Вы, разумеется, не помните, но я слегка заблудилась в коридорах административного корпуса, вы шли навстречу, любезно вывели меня и даже показали тот потрясающий вид с вершины холма на шоссе в Тель-Авив; мы немного поговорили, а на прощание Вы дали мне свою визитку, которой я – боже упаси – не намерена злоупотреблять.
Но ближе к делу.
Уже дома, в Саратове, я все время возвращалась и возвращалась в памяти к этому месту – «Яд ва-Шем». И перед моими глазами все плыли эти лесистые холмы в ярком закате, и одинокий вагон над обрывом, устремленный в никуда, – памятник всем, кого увезли в пламя топки... Никак не могла я отделаться от этих картин, они во мне, поверите ли, звучали, как музыка...
И я стала думать о том, что это, конечно, замечательная идея и великое ее воплощение: поименно вспомнить всех замученных, сожженных, расстрелянных... Воистину вернуть теням место и имя... Потом пришло в голову, что хорошо бы создать такой всемирный гигантский музей, в котором бы огромный штат сотрудников собирал имена вообще всех замученных на земле. Свидетельство и напоминание о том, что люди делали и продолжают делать друг с другом!.. Но я опять сбиваюсь на что-то абстрактно-всемирное. Надо бы конкретней.
А конкретней, речь пойдет о моей семье. Да нет, в мясорубке двадцатого века почти все мои самые близкие остались живы. Почти... Во всяком случае, к Катастрофе они прямого отношения не имели. То есть, никак не представляют интереса для Вашего замечательного музея.
И все же...
И все же мне захотелось написать о них: о деде и о Лайме. И о двадцативосьмилетней моей бабушке. Просто записать теми словами, какими я слышала эти истории с детства. Освободиться от настойчивого и странного – не желания даже, а внутреннего веления. Может, напишу вот и успокоюсь. А Вы уж простите меня за неожиданное письмо. Эти несколько листков, написанных скороговоркой, не займут много места среди миллионов документов грандиозного архива «Яд ва-Шем».

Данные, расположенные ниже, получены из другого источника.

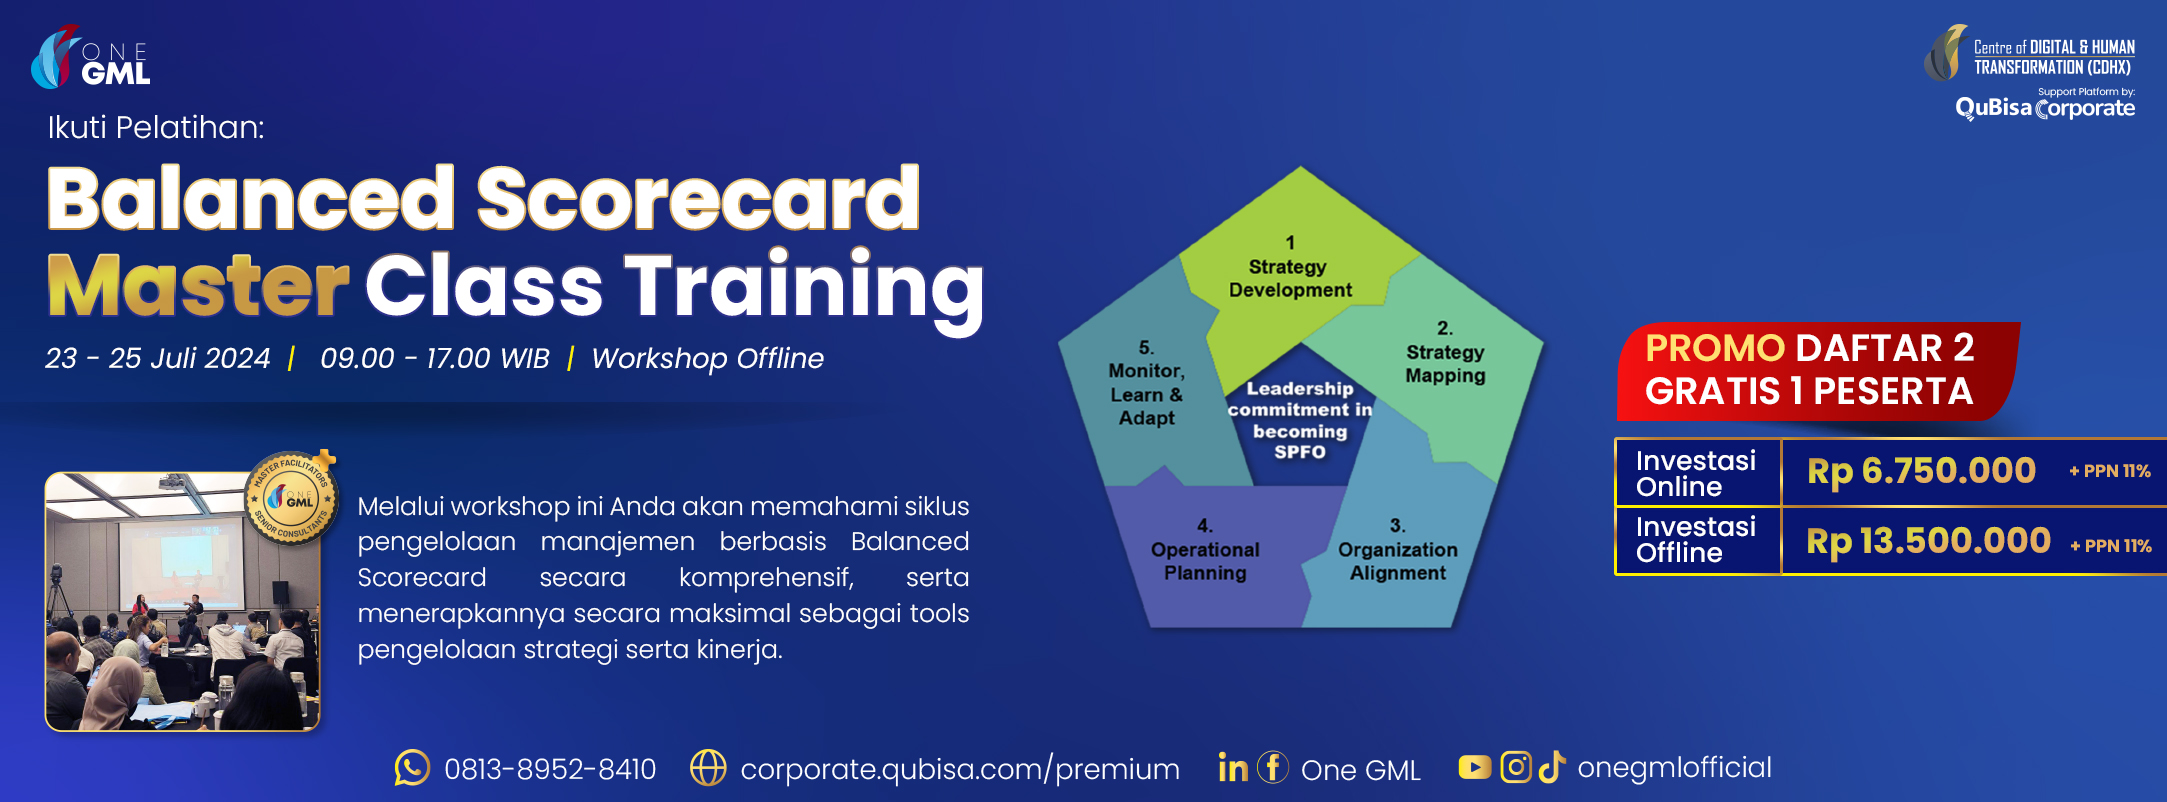 04. Balanced Scorecard Master Class Training LANDSCAPE.jpg

...Мой дед Мося, Моисей Гуревич, до войны сделал головокружительную карьеру: в 28 лет стал замуправляющего городским банком. Вообще-то в банке было трое служащих: управляющий, дед и уборщица. И находился этот единственный банк в белорусском городке Костюковичи... Тут важно добавить, что мой дед Мося был здоровенным мужчиной – что называется, косая сажень в плечах, – сплошь заросшим густым черным волосом; в моей памяти разве что на ладонях они у него не росли.
В тридцать восьмом деда взяли, как многих других: десять лет без права переписки. Его сыну, моему отцу, в тот день исполнилось 6 лет, и он помнит, как во время обыска во двор через окно летели подушки. Младшей, Риточке, и подавно был годик с небольшим.
Тут опять отвлекусь.
К тому времени дед был счастливо и нежно женат на бабушке Пане. У нас хранится ее фотография, на которой двадцатичетырехлетняя Паня выглядит гораздо старше своего возраста. Прическа такая, знаете, – валики надо лбом... Брови серьезные. А может, они тогда и вправду быстро состаривались?
Вообще-то десять лет без права переписки означало расстрел, но деда как-то миновало страшное. Может, потому, что сажали тогда полным ходом, шел валовой процесс. Деда, конечно, били, но следователям надоело придумывать обвинения и побоями они в основном пытались добиться, чтоб подследственные показывали сами на себя, сами придумывали – какие и чьи они шпионы.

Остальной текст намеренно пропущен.